Александр Македонский. Трилогия (ЛП)
Дротики были привязаны поперёк чепрака, колчана для них у него ещё не было. Лошадка, словно заговорщик, прижималась щекой к его щеке. Одежда на нём была изорвана, колени ободраны и заляпаны засохшей грязью, руки и ноги покрыты царапинами; заметно было, что он исхудал с утра; а хитон спереди был пропитан кровью, снизу доверху… Но он мирно шёл меж деревьев — глаза широко раскрытые и пустые, — шёл легко, будто плыл, с нечеловеческим спокойствием и безмятежностью.
Феникс спешился рядом с ним, схватил его за плечи, начал ругать, спрашивать… Мальчик погладил лошадке морду и сказал:
— Охромел, вот, мой конь.
— Я тут метался, чуть с ума не сошёл от страха! Что ты с собой сделал? Откуда кровь? Где ранен? Где ты был?..

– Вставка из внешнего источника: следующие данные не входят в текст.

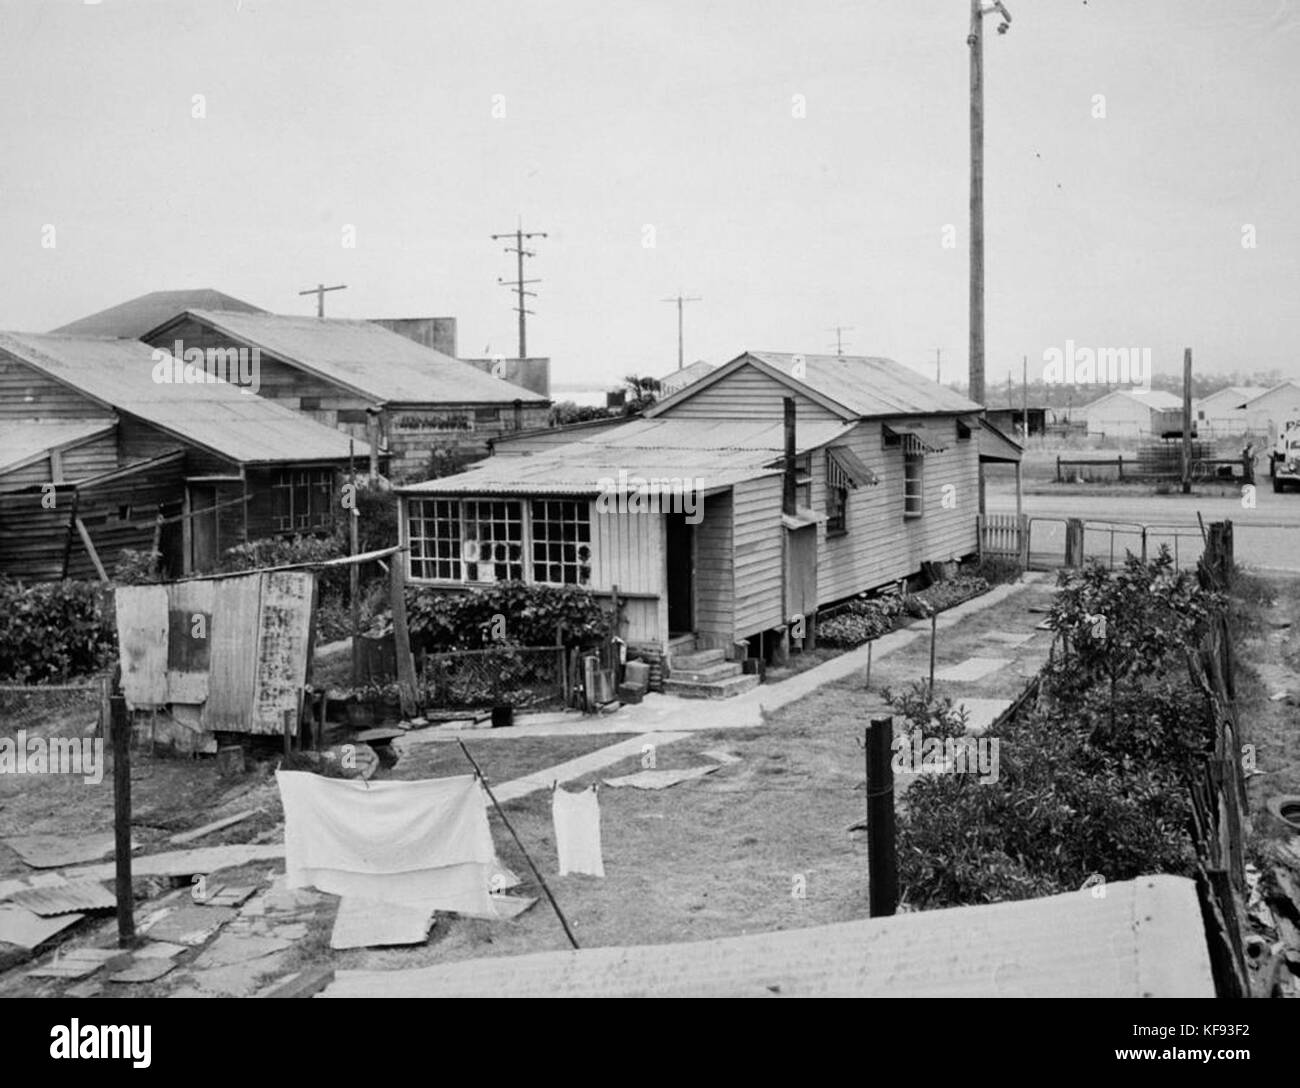 1 123880 View of a part of the suburb of Rocklea in the 1950s Stock Photo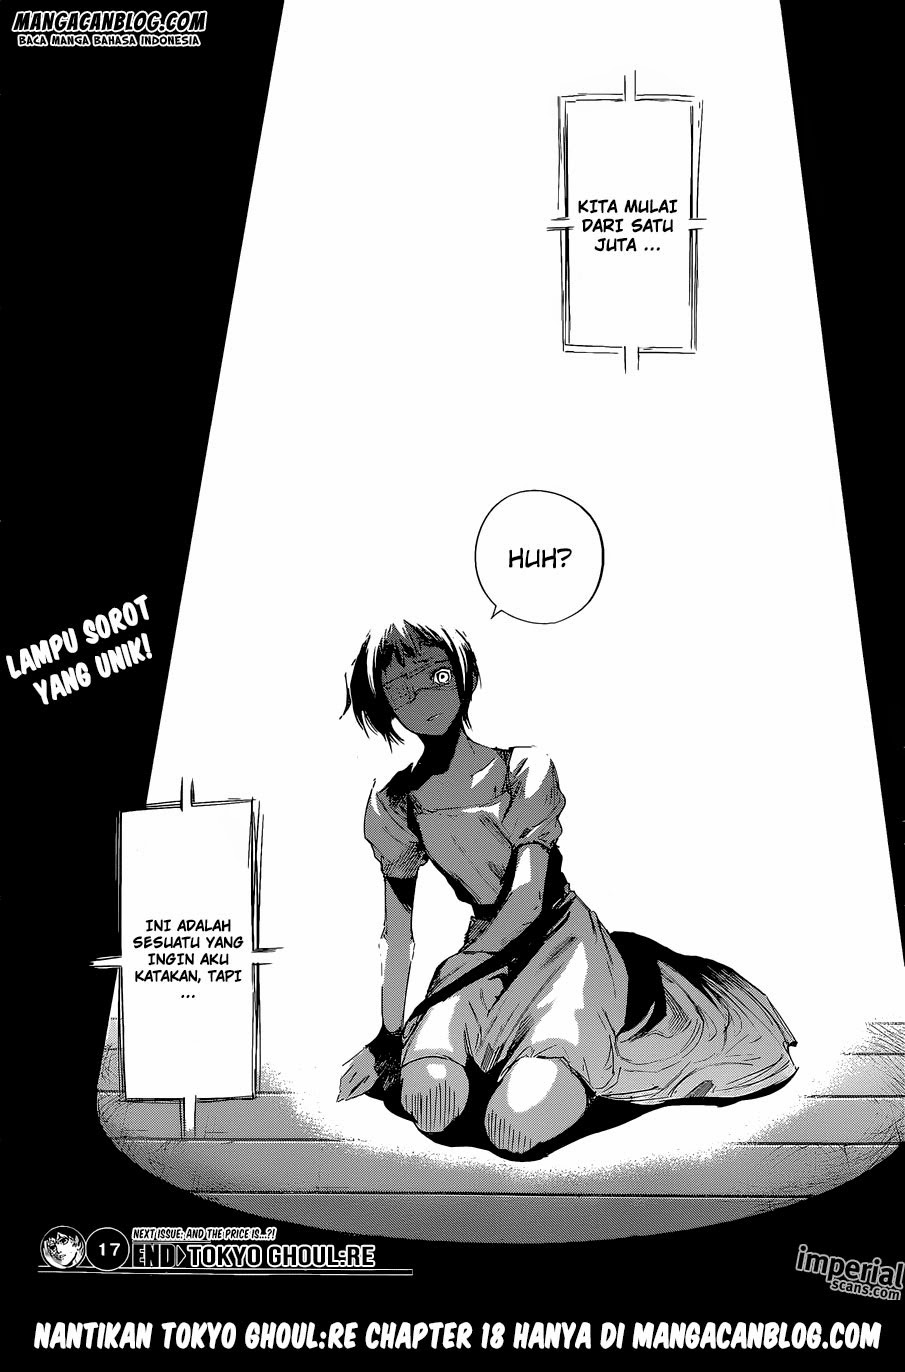 Tokyo Ghoul:re Chapter 17

— Я не ранен. — Он вытянул руки, отмытые в каком-то горном ручье. Под ногтями была кровь. Глаза его погрузились в глаза Феникса, но остались непроницаемы. — Я алтарь поставил, устроил святилище и принес жертву Зевсу. — Он поднял лицо к небу. Белый лоб под упругой шапкой волос казался прозрачным, почти светился. Широко раскрытые глаза сияли. — Я принес жертву богу, и он заговорил со мной. Он говорил со мной!
3
Царь Архелай очень любил свой кабинет, так что отделан он был ещё роскошнее, чем Зал Персея. Здесь царь принимал поэтов и философов, которых привлекали в Пеллу его богатые дары и щедрое гостеприимство. На сфинксоголовых подлокотниках египетских кресел покоились в своё время руки Агафона и Эврипида.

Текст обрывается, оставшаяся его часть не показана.